How to solve the error Call to undefined function mysql_connect () [duplicate]

4

I'm doing an IT inventory to register and I want to connect to the database, but it's giving this error:

  

Fatal error: Uncaught Error: Call to undefined function   mysql_connect () in C: \ xampp \ htdocs \ xampp \ cadastrando.php: 9 Stack   trace: # 0 {main} thrown in C: \ xampp \ htdocs \ xampp \ cadastrando.php on   line 9

How could you resolve this error?

Below is my code.

HTML:

<form method="post" action="" onSubmit="">
        <fieldset>
            <legend>Sistema de Inventário</legend><br />

            <label class="borda">Setor: </label>
            <input class="form_inp" type="text" name="" size="30" required><br />

            <label class="borda">Usuário:</label>
            <input class="form_inp" type="text" id="" name="" size="30" required><br />

            <label class="borda">O/S :</label>
            <input class="form_inp" type="email" name="" size="30" required><br /><br />

            <label class="borda">Hd : </label>
            <input  class="form_inp"type="text"  name="" size="30" required><br />                      
            <hr />          
            <label class="borda">Memória:</label>
            <input class="form_inp" type="text" id="" name="" size="30" required><br />

            <label class="borda">Processador: </label>
            <input class="form_inp" type="text" id=""  name="" size="30" required><br /><br />
            <hr />
            <label class="borda">Cd/Dvd: </label>
            <select class="form_inp"  name="Dados"> 
                <option value="Sim">Sim</option> 
                <option value="Não">Não</option> 
            </select>

            <br />

            <label class="borda">Placa Mãe: </label>
            <input class="form_inp" type="text" id="" name="" size="30" required><br />

            <label class="borda">HostName: </label>
            <input class="form_inp"type="text" id="" name="" size="30" required><br /><br />

            <label class="borda">Monitor/Patrimônio/Marca/Modelo: </label>
            <input class="form_inp" type="text" id="" name="" size="30" required><br />

            <label class="borda">Nobreak/Patrimônio/Marca/: </label>
            <input class="form_inp" type="text" id="" name="" size="30" required><br />

            <label class="borda">Placa de Rede : </label>
            <input class="form_inp" type="text" id="" name="" size="30" required><br />

            <label class="borda">Placa de Vídeo: </label>
            <input class="form_inp" type="text" id="" name="" size="30" required><br />

            <hr />
            <input type="submit" style="float: right;" value="Cadastrar" >
            <input type="reset" style="float: right;" value="Limpar">

        </fieldset>

php / bancodedados:

  <html>
   <head><title>Cadastrando...</title></head>
    <body>
<?php
$host = "localhost";
$user ="roor";
$pass = "";
$banco = "cadastro";
$link = mysqli_connect("host", "user", "pass", "database"); 
mysqli_select_db($banco) or die (mysqli_error());
?>
<?php
$setor=$_POST['setor'];
$usuario=$_POST['usuario'];
$hd=$_POST['hd'];
$memoria=$_POST['memoria'];
$propressador=$_POST['processador'];
$cd=$_POST['cd'];
$placam=$_POST['placam'];
$host=$_POST['host'];
$monitor=$_POST['monitor'];
$nobreak=$_POST['nobreak'];
$placar=$_POST['placar'];
$placav=$_POST['placav'];
$sql=mysql_query("INSERT INTO setor(setor,usuario,hd,memoria,processador,cd,placam,host,monitor,nobreak,placar,plavav) VALUES('$setor,$usuario,$hd,$memoria,$processador,$cd,$placam,$host,$monitor,$nobreak,$placar,$placav'))");
?>
    </body>
</html>
    
asked by anonymous 22.12.2016 / 15:20

2 answers

12

The mysql_connect() function has been deprecated.

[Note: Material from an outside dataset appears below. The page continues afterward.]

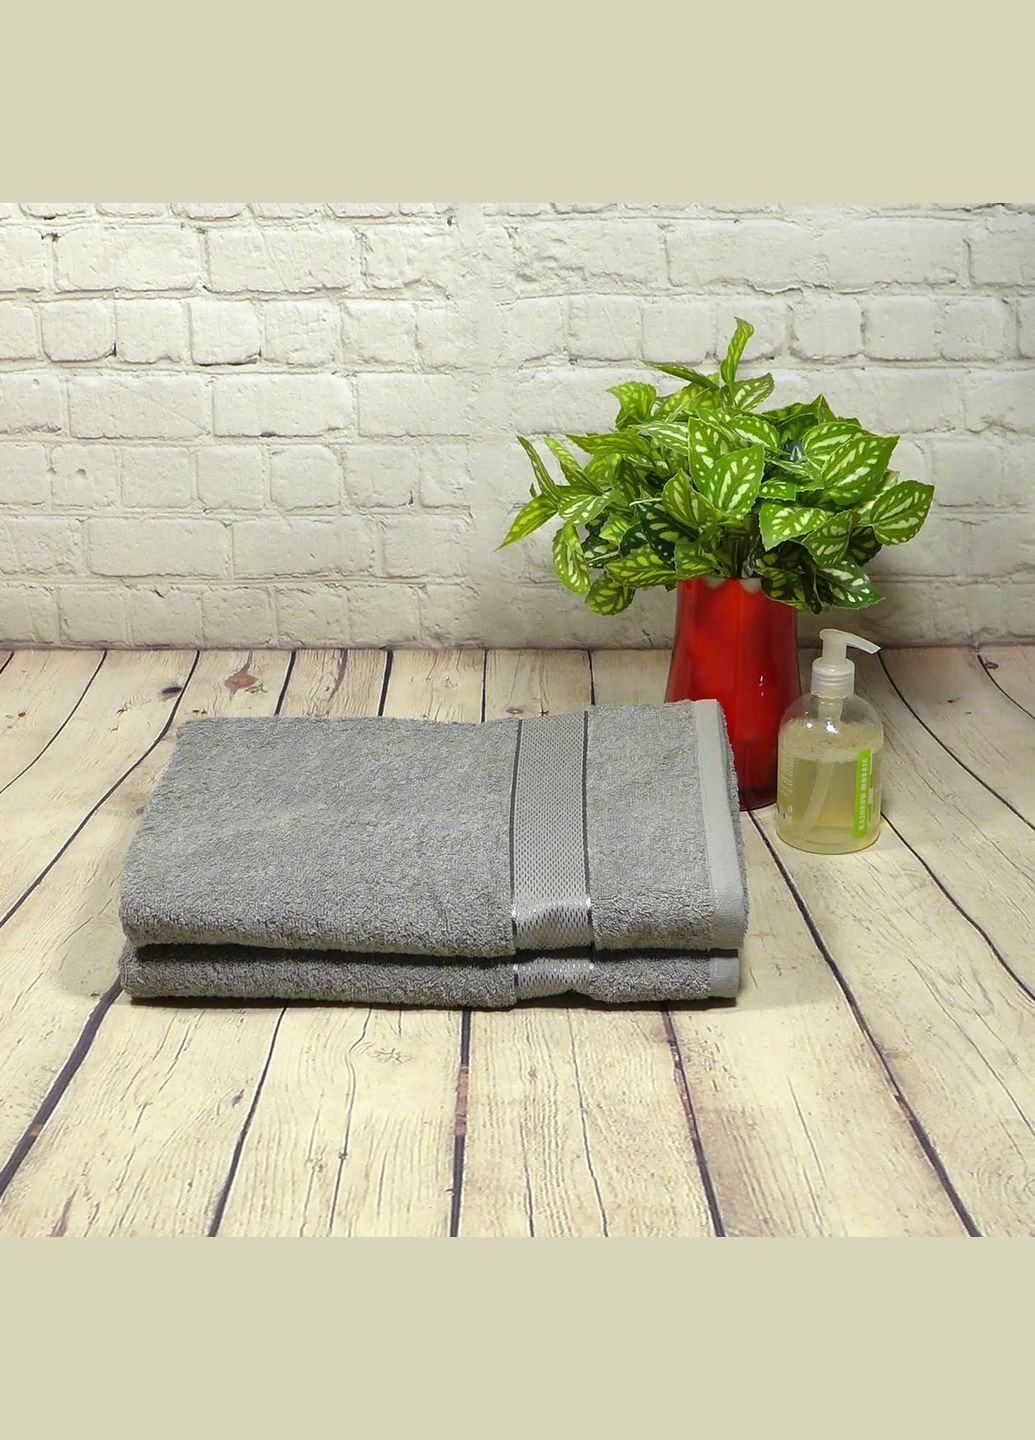 Aisha Home Textile полотенце махровое aisha - royal серый 70*140 (400 г/м2) серый производство -

Now using mysqli_connect() .

$link = mysqli_connect("host", "user", "pass", "database");

This also applies to other commands that begin with mysql_ . They should be mysqli_ .

Therefore:

mysqli_query($link, $query);
    
22.12.2016 / 15:26
-1

In the last line you sneaked past the first parameter in the function mysql_query()

in case it would be

$sql = mysqli_query($link, "as passagens sql aqui");

Remembering that there are two ways to use mysqli

The way you did it structured

or using object orientation

    
22.12.2016 / 18:01